* **Information provided**:

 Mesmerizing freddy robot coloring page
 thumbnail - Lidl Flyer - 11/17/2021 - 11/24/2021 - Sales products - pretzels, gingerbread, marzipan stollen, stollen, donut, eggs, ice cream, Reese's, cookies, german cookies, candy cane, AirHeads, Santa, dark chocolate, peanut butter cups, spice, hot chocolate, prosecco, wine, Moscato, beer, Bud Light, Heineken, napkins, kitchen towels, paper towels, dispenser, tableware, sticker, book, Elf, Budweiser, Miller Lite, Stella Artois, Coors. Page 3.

==

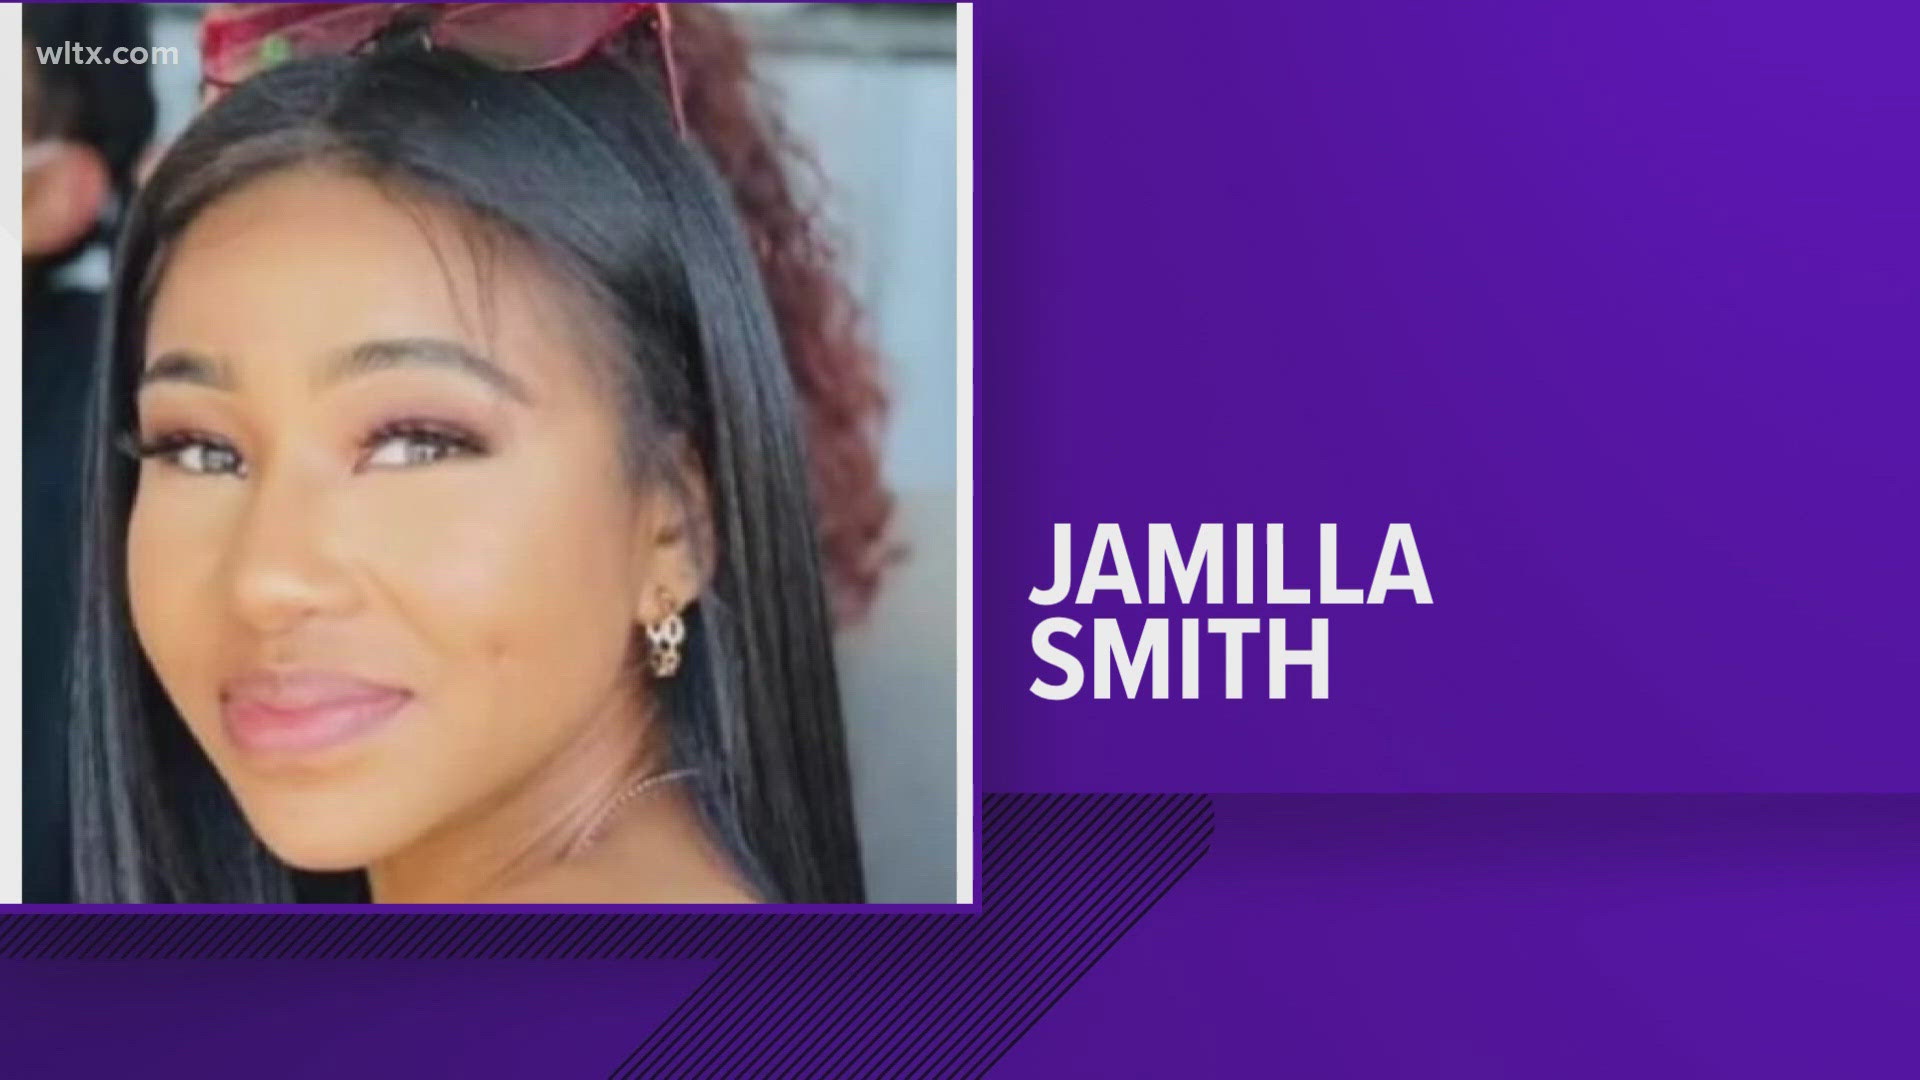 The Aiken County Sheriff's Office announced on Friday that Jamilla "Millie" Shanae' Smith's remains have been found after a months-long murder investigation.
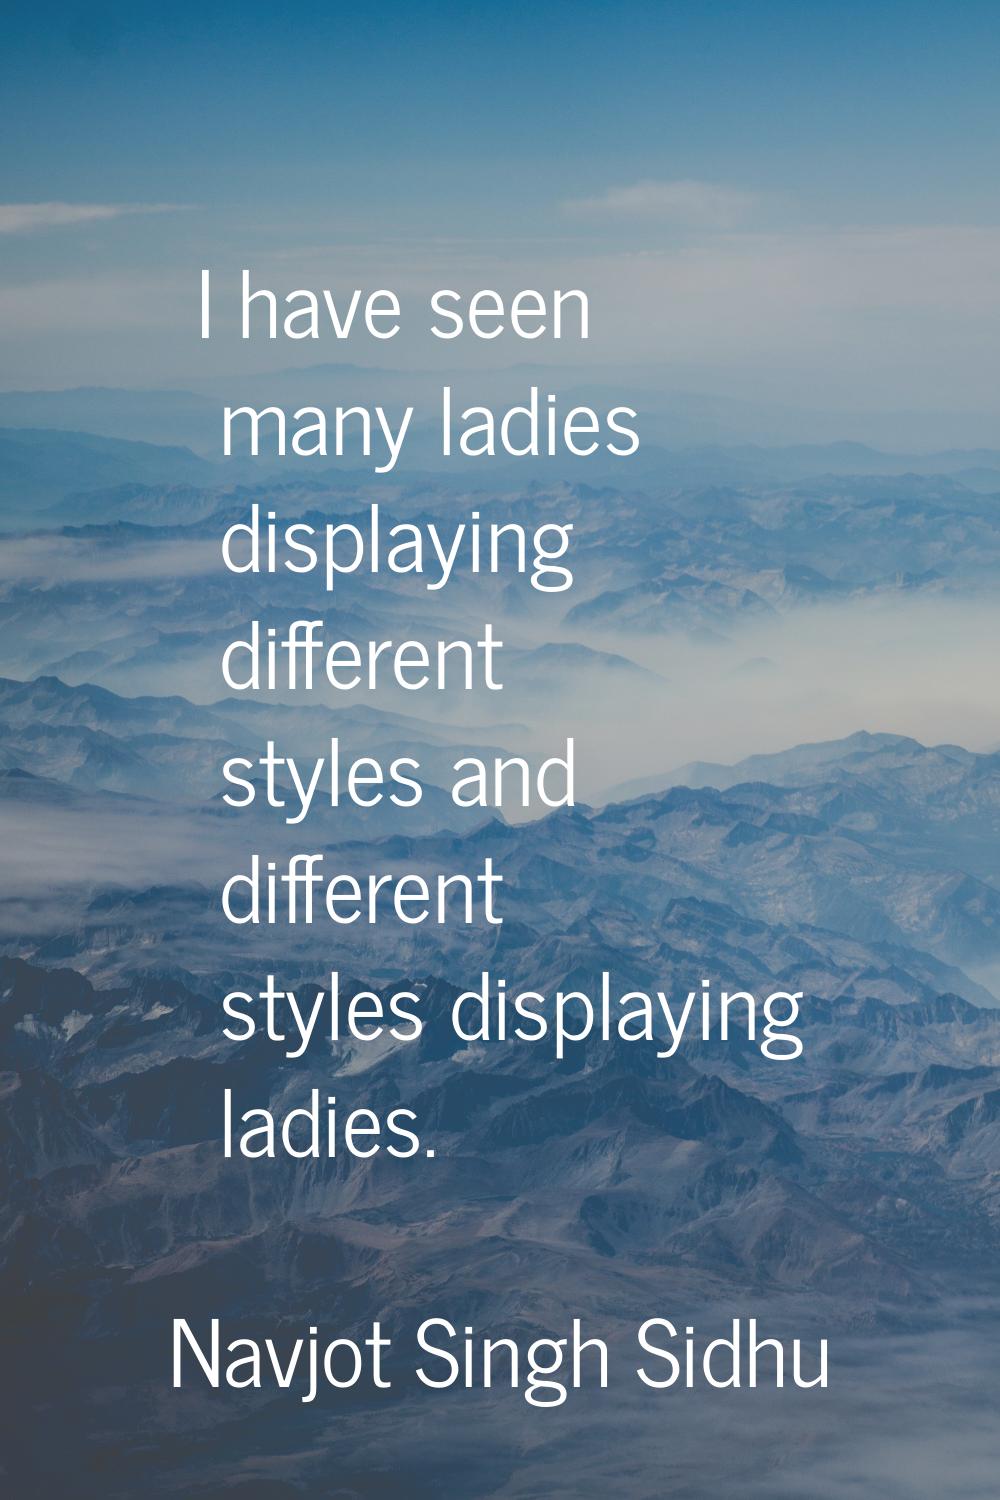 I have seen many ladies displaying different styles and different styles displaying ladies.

* * *

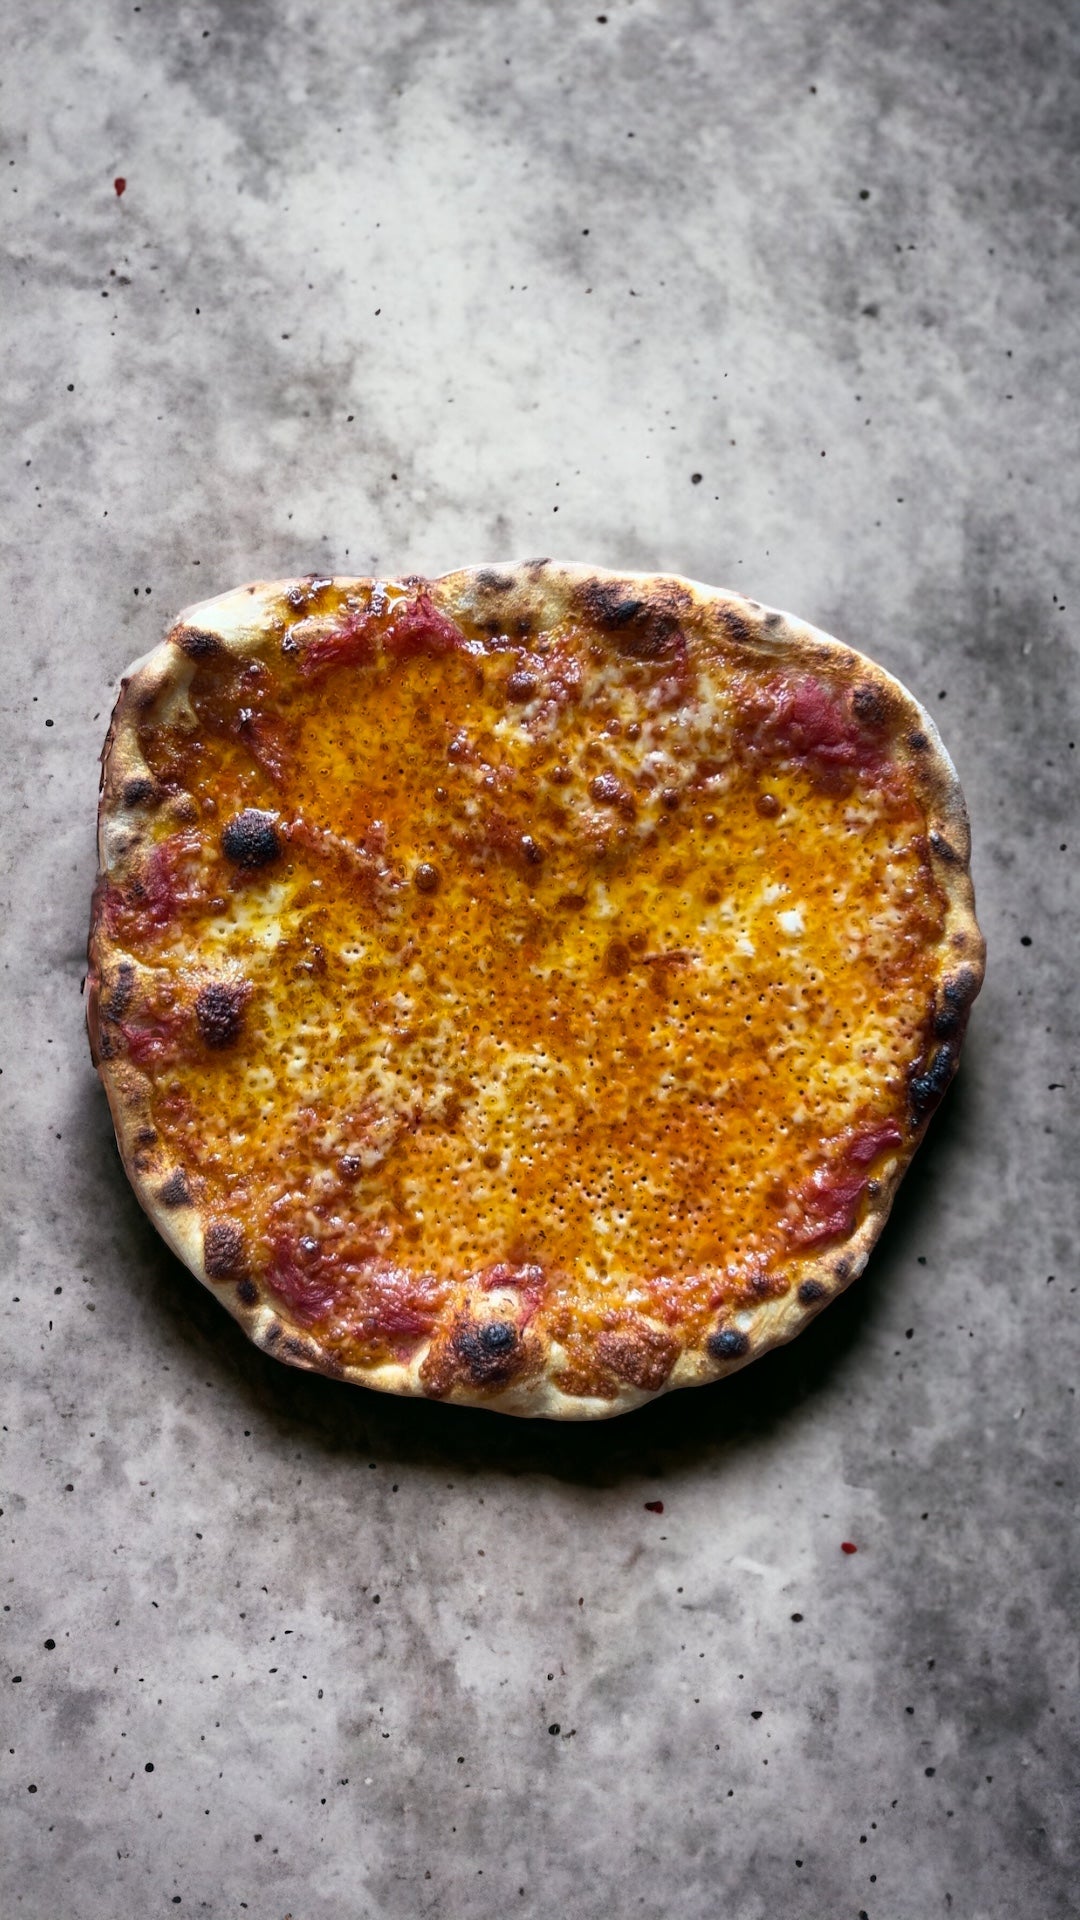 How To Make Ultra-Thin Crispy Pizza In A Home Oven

* **Task to carry out**:
Out of the data above, set down the lines from the one with "Mesmerizing freddy robot coloring page" to the one with "thumbnail - Lidl", both included, exactly as written and with no additions.

* **Reply**:
 Mesmerizing freddy robot coloring page
 thumbnail - Lidl Flyer - 11/17/2021 - 11/24/2021 - Sales products - pretzels, gingerbread, marzipan stollen, stollen, donut, eggs, ice cream, Reese's, cookies, german cookies, candy cane, AirHeads, Santa, dark chocolate, peanut butter cups, spice, hot chocolate, prosecco, wine, Moscato, beer, Bud Light, Heineken, napkins, kitchen towels, paper towels, dispenser, tableware, sticker, book, Elf, Budweiser, Miller Lite, Stella Artois, Coors. Page 3.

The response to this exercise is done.